Jordan hangs two militants for killing US diplomat
AMMAN, Mar 11 (Reuters) Jordan executed today two Islamist militants found guilty of the murder of a US diplomat in Amman, a rare case of death sentences imposed on security detainees being carried out.
Officials told Reuters prison authorities in Swaqa hanged Libyan Salem bin Suweid, 46, and Jordanian Yasser Freihat, 28, at dawn, carrying out sentences handed down in 2004 for the murder of US diplomat Laurence Foley in October 2002.
''The death sentence by hanging against the two criminals, Salem Saad Salem bin Suweid and Jordanian national Yasser Fathi Ibrahim Freihat, was implemented at dawn after they were convicted of the terrorist act that led to the death of a diplomat working in Amman,'' a security official said.
Political detainees sentenced to death in Jordan, a staunch US ally, are rarely executed, and officials said the men were the first Muslim militants the country had hanged for years.
Jordanian intelligence accused Jordanian militant Abu Musab al-Zarqawi, the leader of al Qaeda in Iraq, of masterminding Foley's murder. Suweid and Freihat denied the charges against them and said their confessions were extracted under duress.
Hundreds of Islamists chanted slogans praising Zarqawi after relatives and sympathisers carried Freihat's body from his modest home in impoverished Russaifa on the outskirts of the capital to a nearby cemetery.
''O tyrants, Abu Musab and bin Laden will come and dig your graves,'' the young bearded men chanted before burying Freihat's body, dressed in his red prison gown.
After the burial, several bearded Islamist fundamentalists delivered speeches urging Muslim holy war (Jihad) and revenge against ''infidels and enemies of God.'' ''We bid farewell to Yasser with his wish of dying as a martyr fulfilled ... our martyrdom in Jihad (Muslim holy war) is our highest wish,'' said Sheikh Jarah Abdullah, a local cleric.
ANTI-WESTERN FEELING Activists said authorities refused to hand over Suweid's body for burial alongside that of his accomplice Freihat.
Foley's assassination, at a time of strong anti-Western feeling before the US-led invasion of Iraq in 2003, rocked the kingdom, normally a staunch US ally.
Earlier this month rioting broke out in three big Jordanian prisons after security forces went into Swaqa to transfer Suweid and Freihat for execution.
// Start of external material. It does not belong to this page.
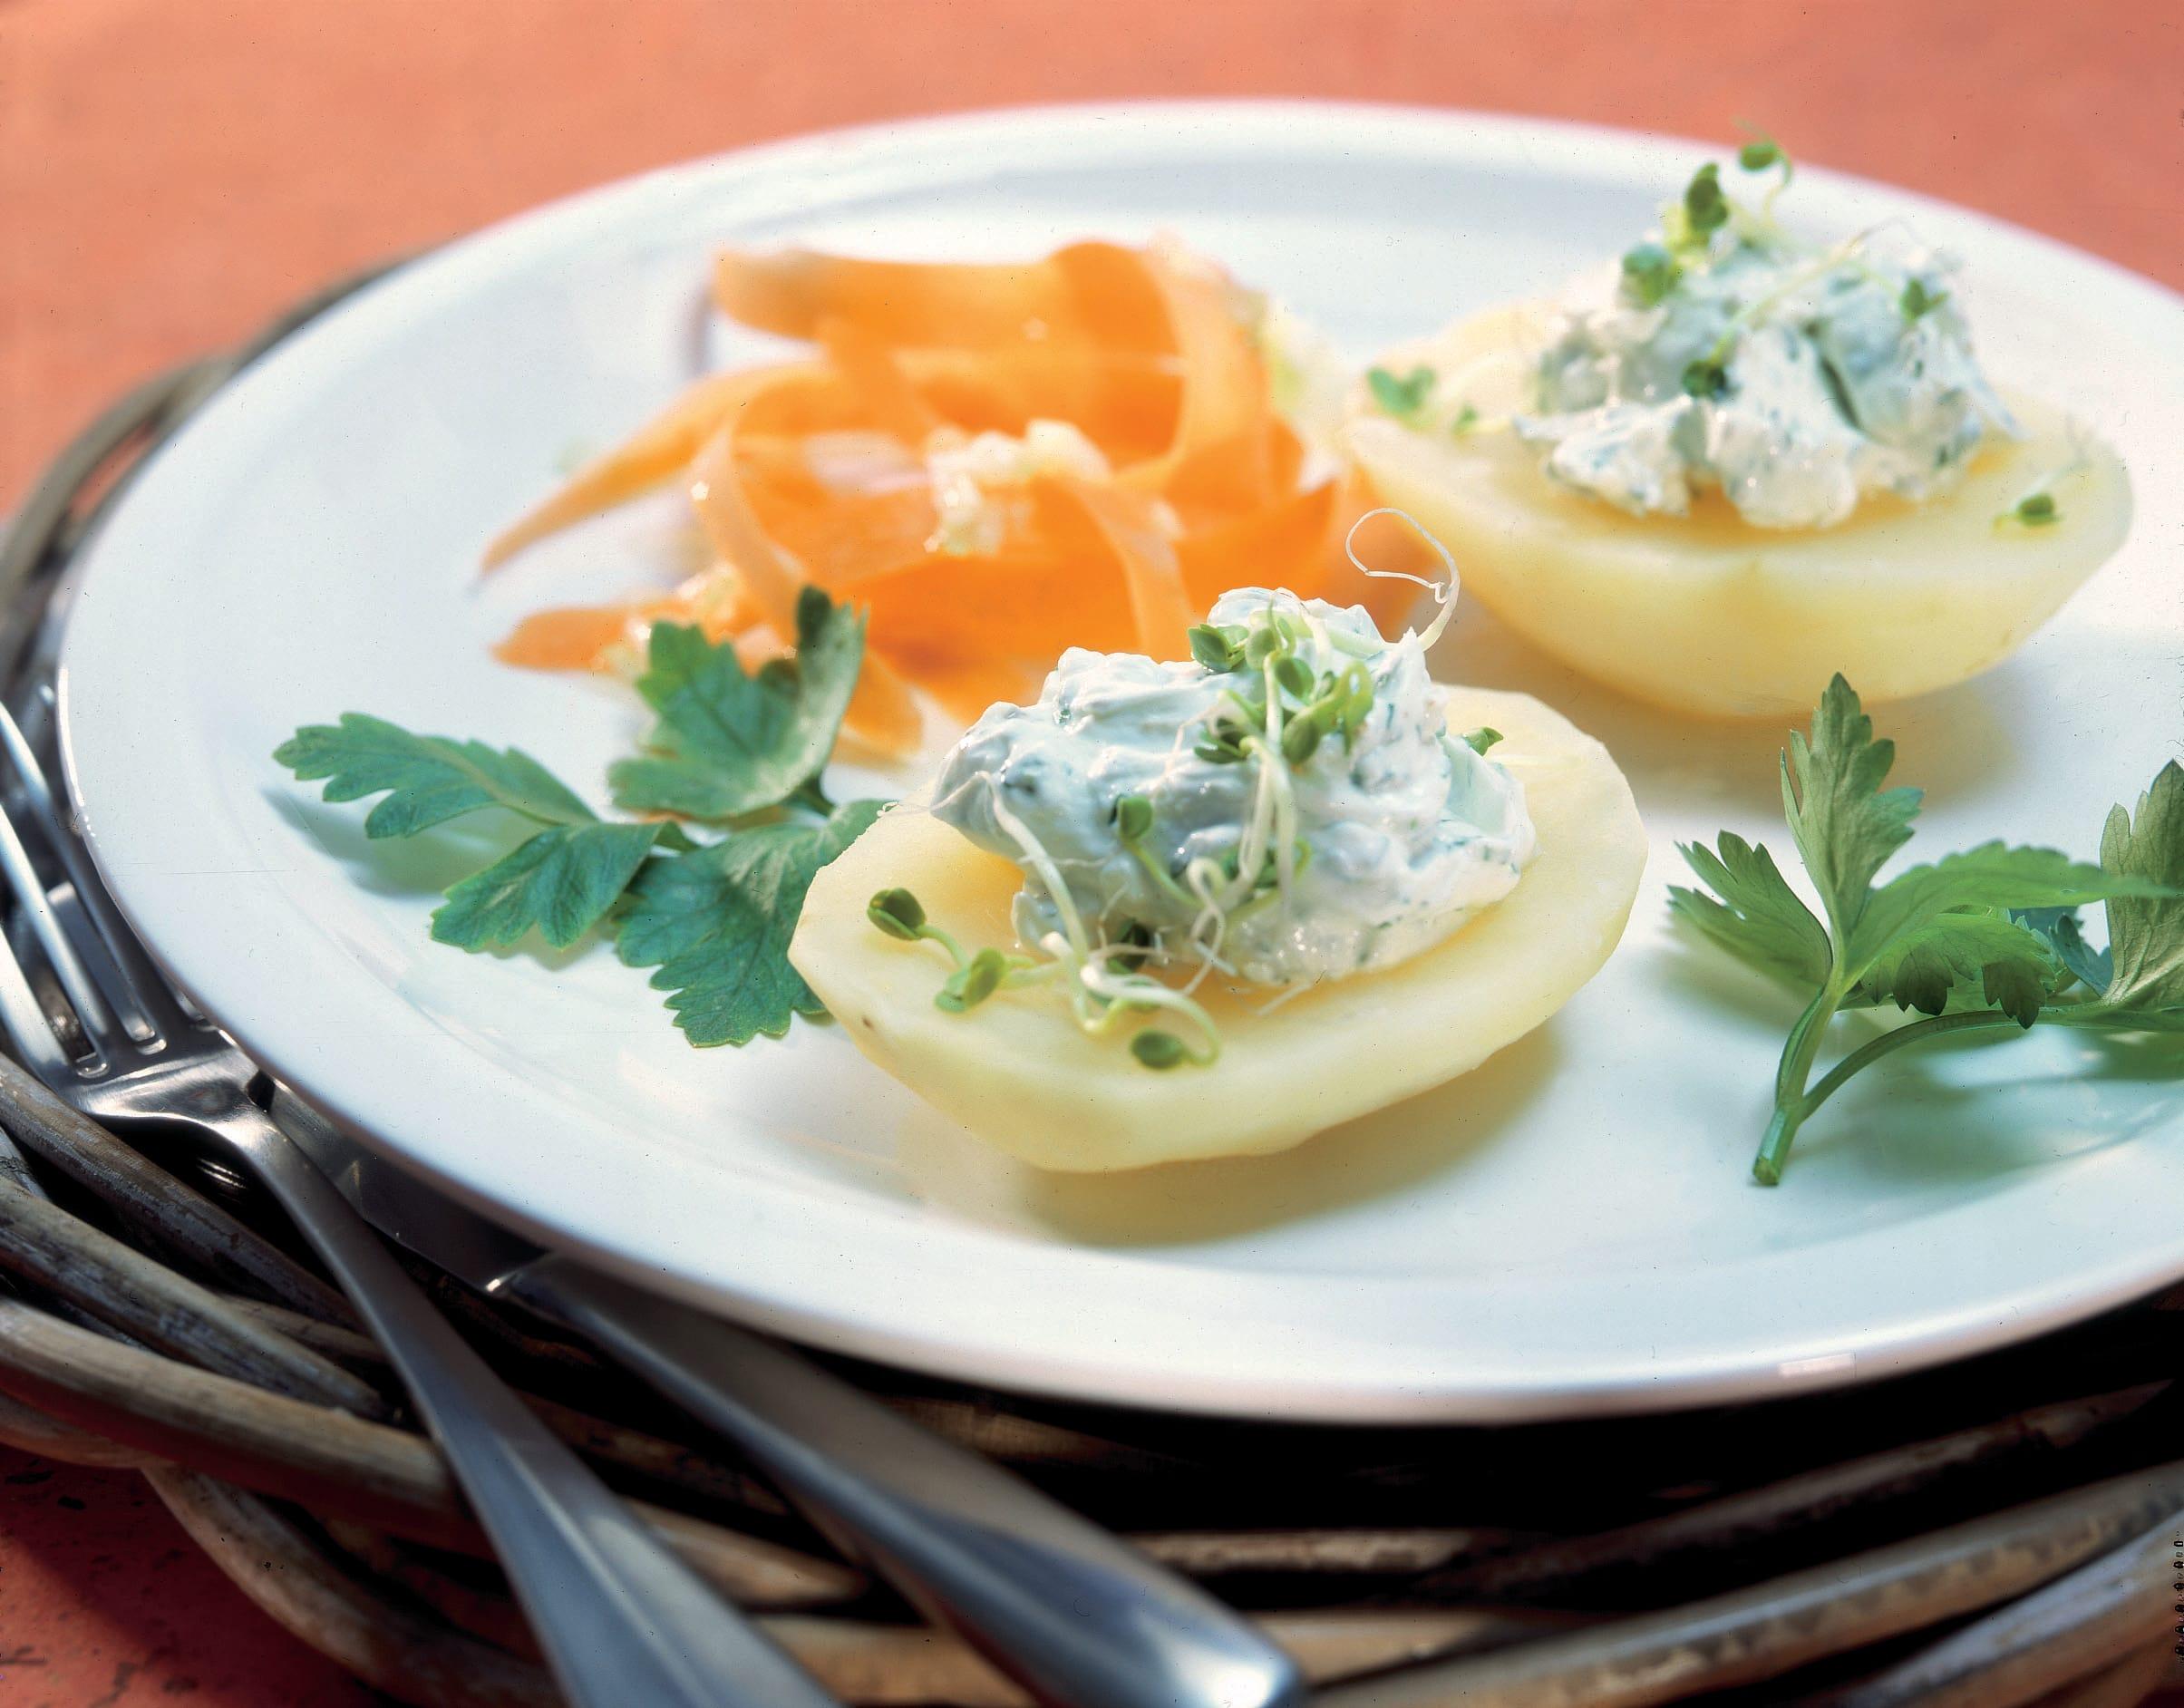 Kartoffeln mit Frischkäse-Dip und Rüebli

The clashes, involving 150 inmates, were the most serious in Jordan in recent years.
A Jordanian security source said riot police and prison authorities had been put on high alert because inmates had threatened to riot if the two men were executed.
Islamists in contact with security detainees said inmates were threatening ''unspecified action'' to show their anger.
Security sources said the inmates used smuggled mobile phones to organise the recent jail riots, underscoring their high level of coordination. The three prisons are among eight jails holding more than 6,000 common and political prisoners.
Dozens of inmates are being held on suspicion of plotting attacks on Israelis, Americans and Westerners.
Security officials in Jordan say the rise in militancy is tied to growing anti-American sentiment since the invasion of Iraq in 2003.